On Apr 2, 2017, at 3:45 AM, Richard Hanson <rh...@mailbox.org>> wrote:


I am new to Nifi, and am evaluating it after playing some basic functions. Now I have a few questions:

- What is the max cluster size nifi can achieve?

- Is it possible to create workflow without GUI? A bit like travis ci .yaml (User creates related workflow file and let nifi execute it (via submit or programmatically)

- Is it possible to run embedded nifi?

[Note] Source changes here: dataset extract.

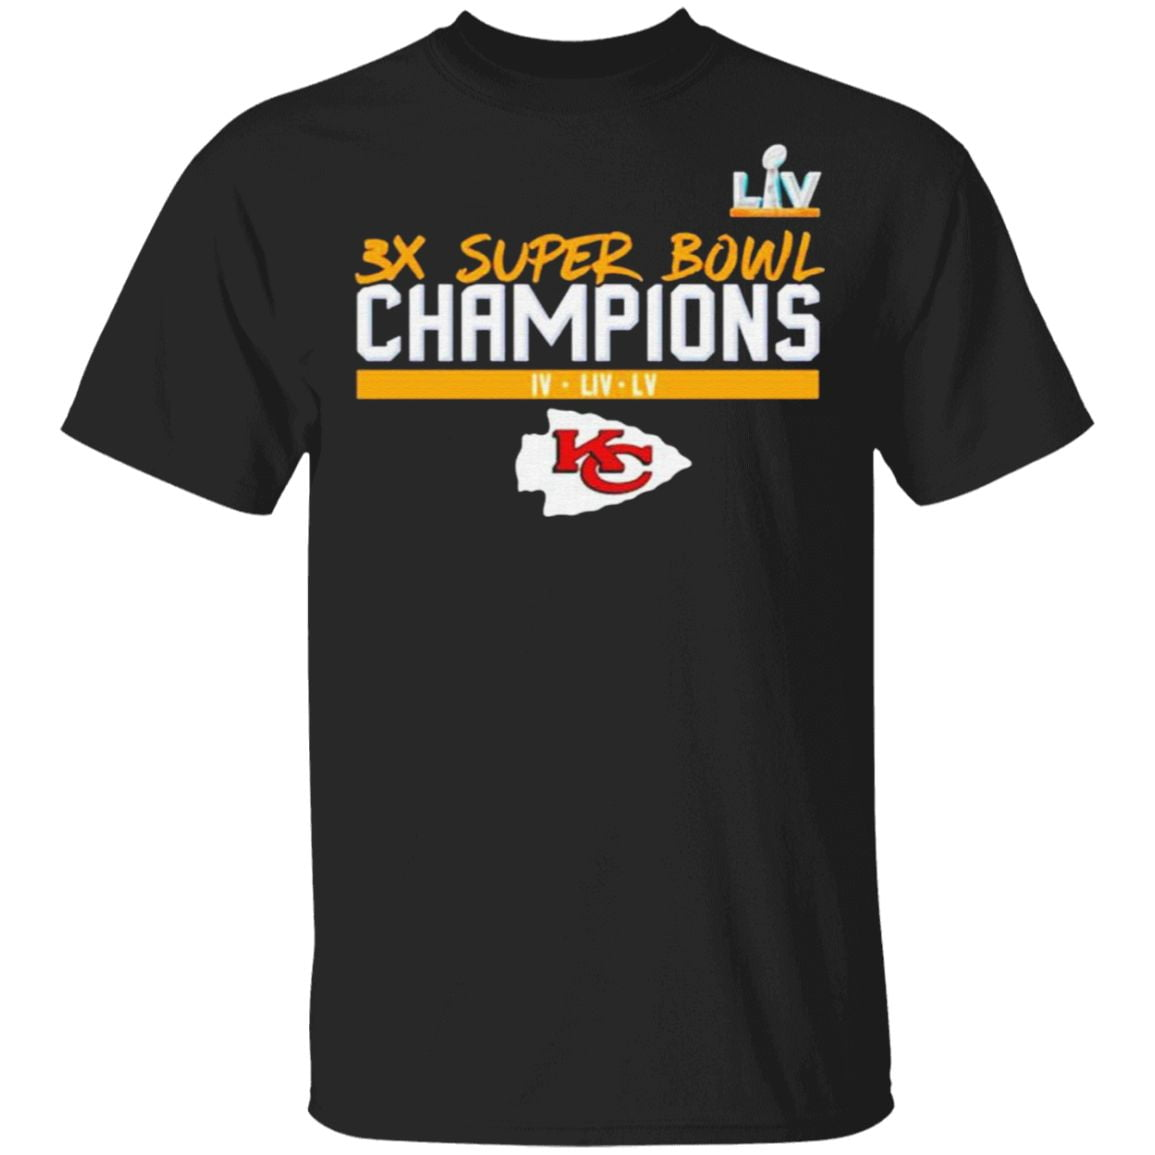 kansas city chiefs 3x super bowl champions Shirt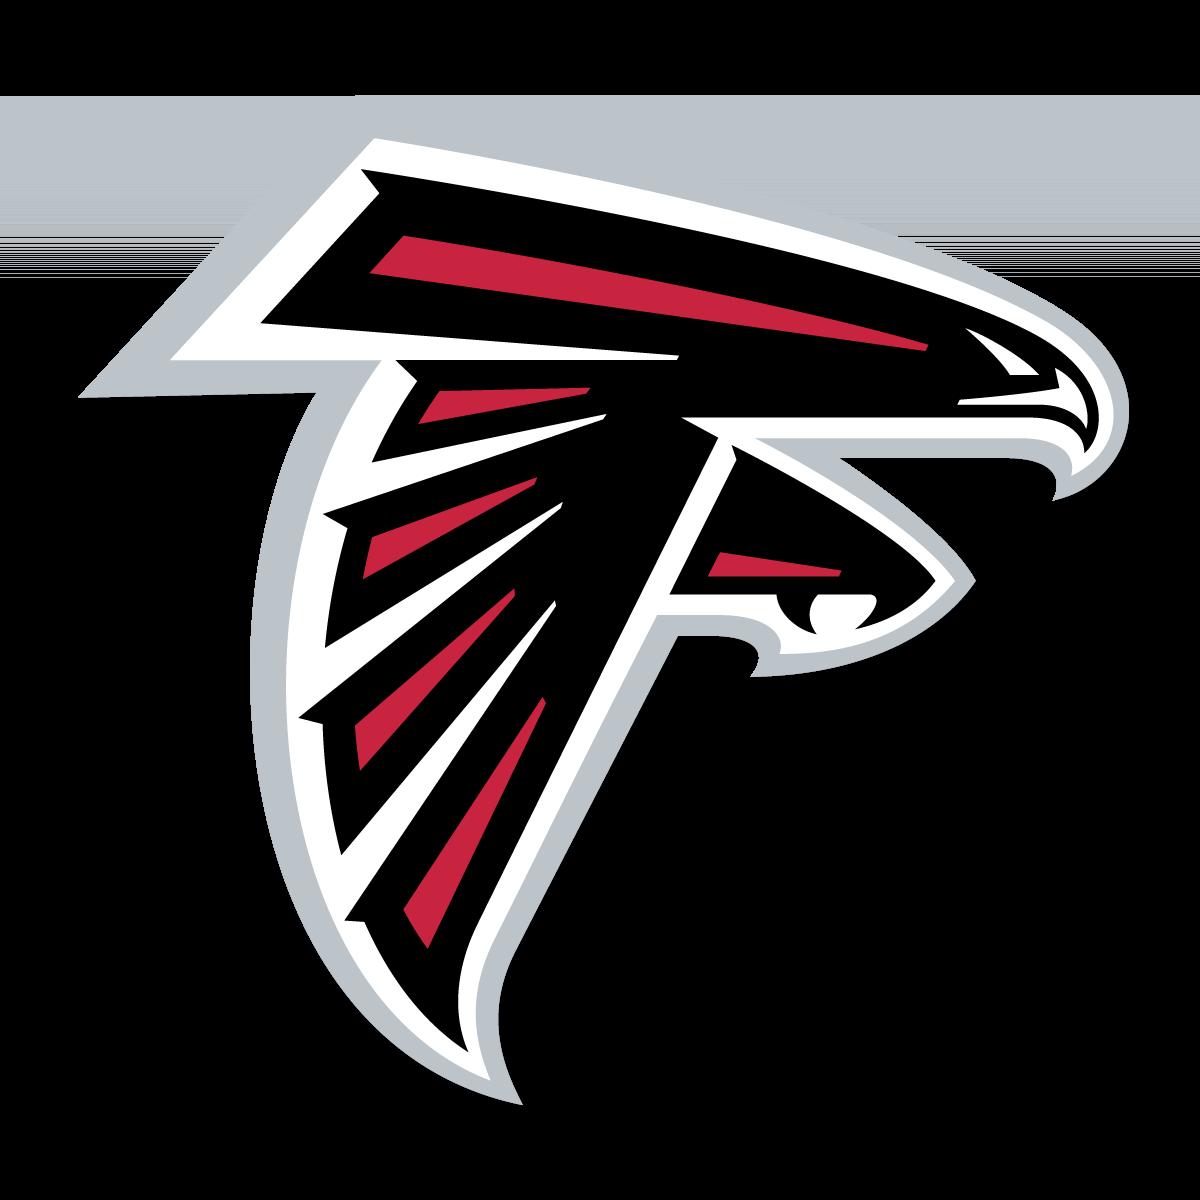 Atlanta Falcons NFL logo

Checking http://apache-nifi-developer-list.39713.n7.nabble.com/Possibility-of-running-NiFi-embedded-in-a-test-td820.html showing nifi can not run as embedded, but I want to double check for sure (not for unit testing).

Thanks












Re: Some question

Posted by Juan Sequeiros <he...@gmail.com>.
yes :)
Except for  number 2, you don't export the flow ... its dynamically
happening as you edit through the UI .....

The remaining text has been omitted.